Although this conclusion was never stated explicitly in a February 2023 Bank of Canada report on the financial impact of the 2016 wildfire in Fort McMurray, Alta., certainly the report hinted at this in a variety of ways.

For example, the report notes that in “Fort McMurray’s case, the Regional Municipality of Wood Buffalo secured $14 million in FireSmart for fire mitigation. They also launched a ‘Build Back Better’ campaign to promote the use of fire-resilient materials. However, KPMG’s (2017) independent review, commissioned by the Alberta Emergency Management Agency, suggests that this intervention is unlikely to happen because insurance payments were only available to rebuild properties to pre-fire conditions.”

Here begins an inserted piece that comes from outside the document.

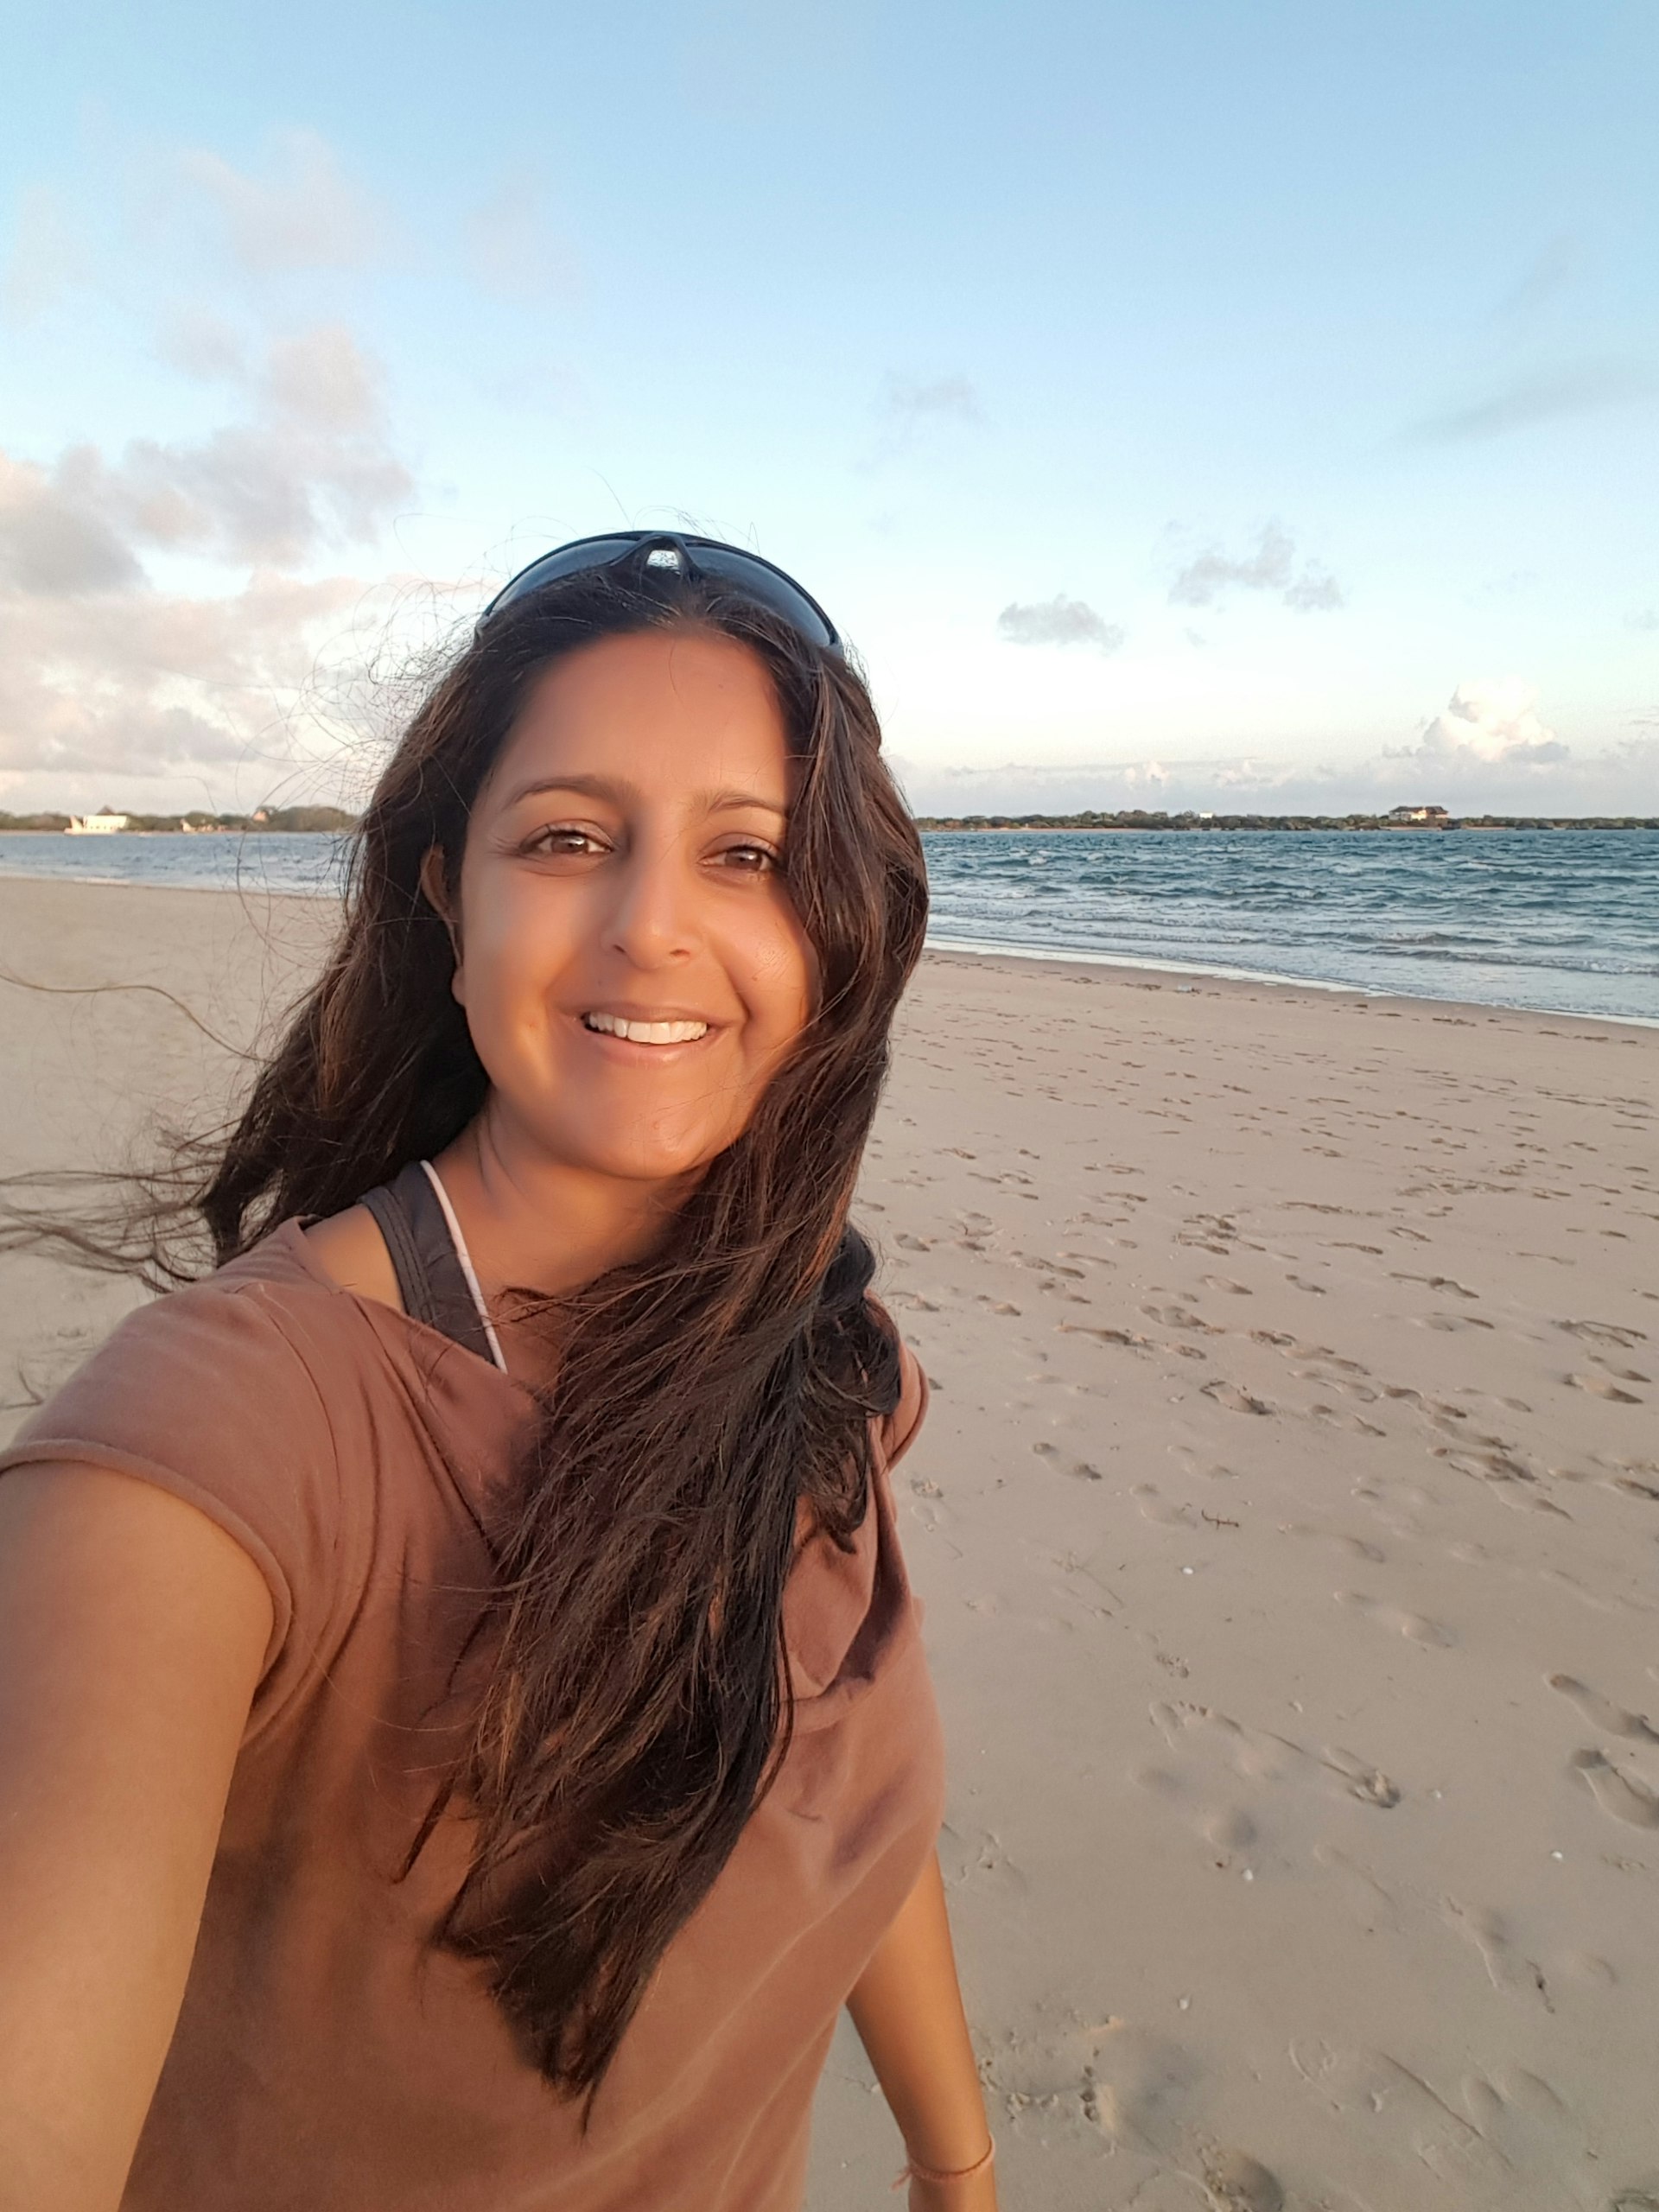 An selfie of an Asian woman on a beach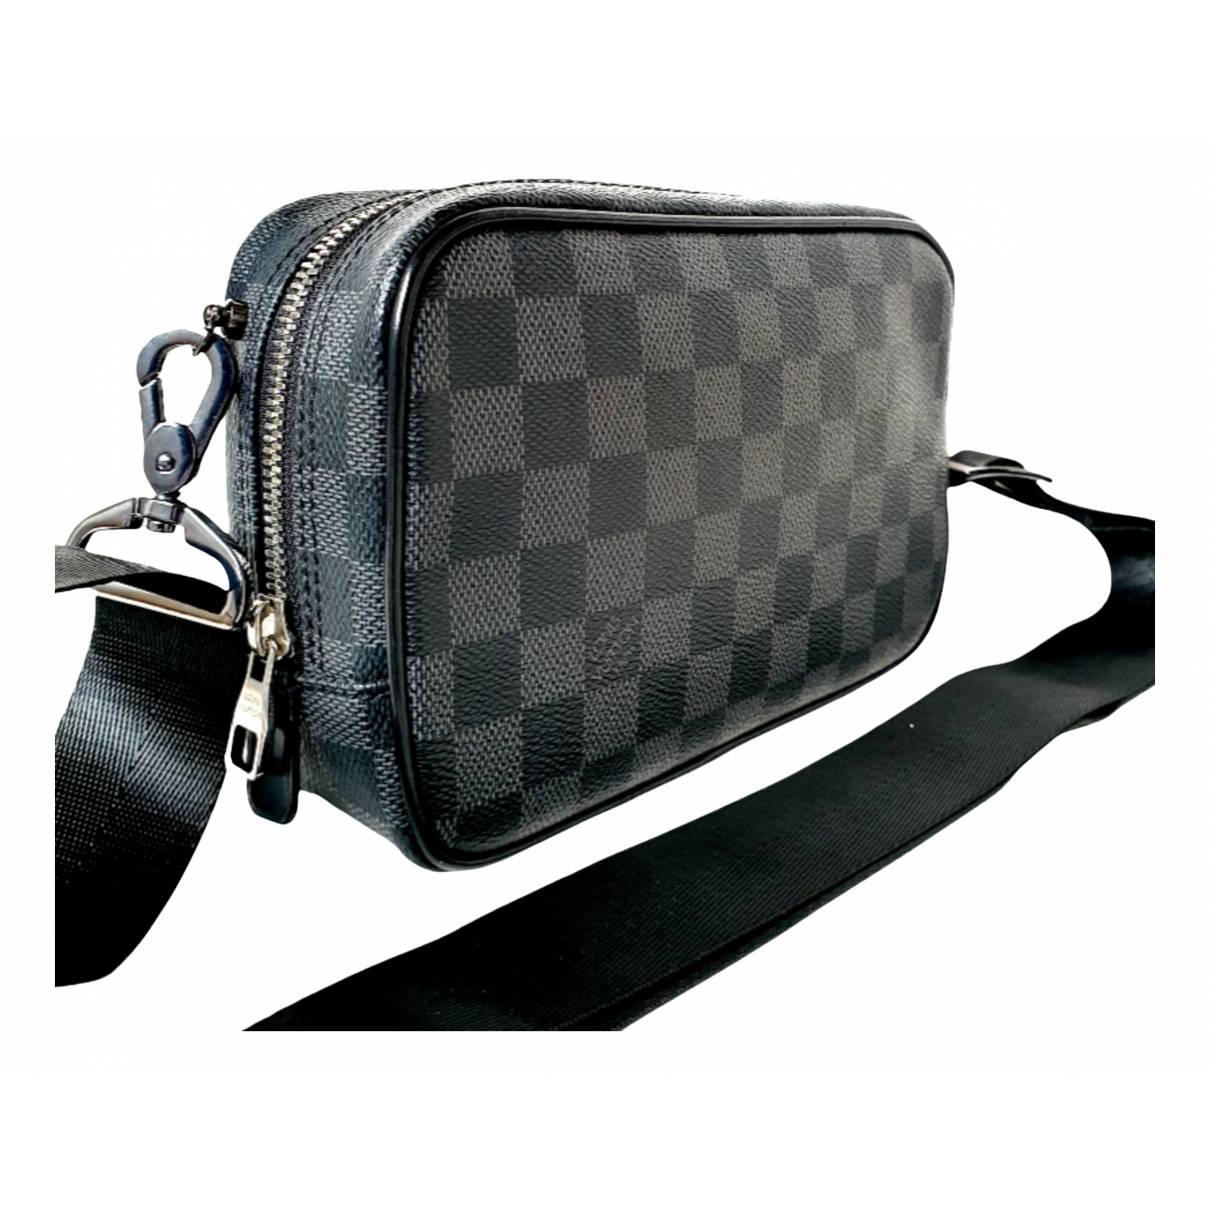 Cloth bag Louis Vuitton Black in Cloth - 25152065

Elsewhere, the report states: “Our findings [about the broader financial impact of natural catastrophes] are…valid for the ongoing concerns of climate risk because insurance coverage improves recovery outcomes but only has a modest impact on risk reduction.”

P&C insurers note pricing models are generally not designed to reflect the cost to rebuild properties so they are more resilient to future disasters. But the Bank of Canada report suggests that if resiliency is left purely to government funding, efforts to “build back better” may be curtailed due to government funding cuts.

For example, “45% of the budget for the FireSmart preventative program, which aimed to prevent wildfires through tree thinning in vulnerable communities, was cut [in late 2015],” states the Bank of Canada report, We Didn’t Start the Fire: Effects of a Natural Disaster on Consumers’ Financial Distress. “Additionally, almost 17% of the funding set aside as part of the 2011 Slave Lake Wildfire recommendations was cut. Hence, Fort McMurray and Alberta were largely unprepared to deal with the devastating impacts of the 2016 wildfire.”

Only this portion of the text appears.